--- WHAT YOU SHOULD DO ---
Without changing a single character, copy every record below.

----------------------------------------

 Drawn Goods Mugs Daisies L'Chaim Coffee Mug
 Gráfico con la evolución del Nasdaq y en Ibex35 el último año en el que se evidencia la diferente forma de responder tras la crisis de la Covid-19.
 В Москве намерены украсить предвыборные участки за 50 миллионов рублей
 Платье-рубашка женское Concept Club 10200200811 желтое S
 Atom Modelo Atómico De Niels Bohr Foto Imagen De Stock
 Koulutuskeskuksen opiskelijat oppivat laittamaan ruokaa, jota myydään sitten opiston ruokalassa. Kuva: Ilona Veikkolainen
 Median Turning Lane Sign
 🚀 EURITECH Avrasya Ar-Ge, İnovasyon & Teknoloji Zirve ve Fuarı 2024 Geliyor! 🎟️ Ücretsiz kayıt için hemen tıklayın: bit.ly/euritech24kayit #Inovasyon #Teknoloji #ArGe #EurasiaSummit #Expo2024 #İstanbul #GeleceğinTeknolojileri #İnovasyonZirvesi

----------------------------------------

--- ANSWER SPACE ---
 Drawn Goods Mugs Daisies L'Chaim Coffee Mug
 Gráfico con la evolución del Nasdaq y en Ibex35 el último año en el que se evidencia la diferente forma de responder tras la crisis de la Covid-19.
 В Москве намерены украсить предвыборные участки за 50 миллионов рублей
 Платье-рубашка женское Concept Club 10200200811 желтое S
 Atom Modelo Atómico De Niels Bohr Foto Imagen De Stock
 Koulutuskeskuksen opiskelijat oppivat laittamaan ruokaa, jota myydään sitten opiston ruokalassa. Kuva: Ilona Veikkolainen
 Median Turning Lane Sign
 🚀 EURITECH Avrasya Ar-Ge, İnovasyon & Teknoloji Zirve ve Fuarı 2024 Geliyor! 🎟️ Ücretsiz kayıt için hemen tıklayın: bit.ly/euritech24kayit #Inovasyon #Teknoloji #ArGe #EurasiaSummit #Expo2024 #İstanbul #GeleceğinTeknolojileri #İnovasyonZirvesi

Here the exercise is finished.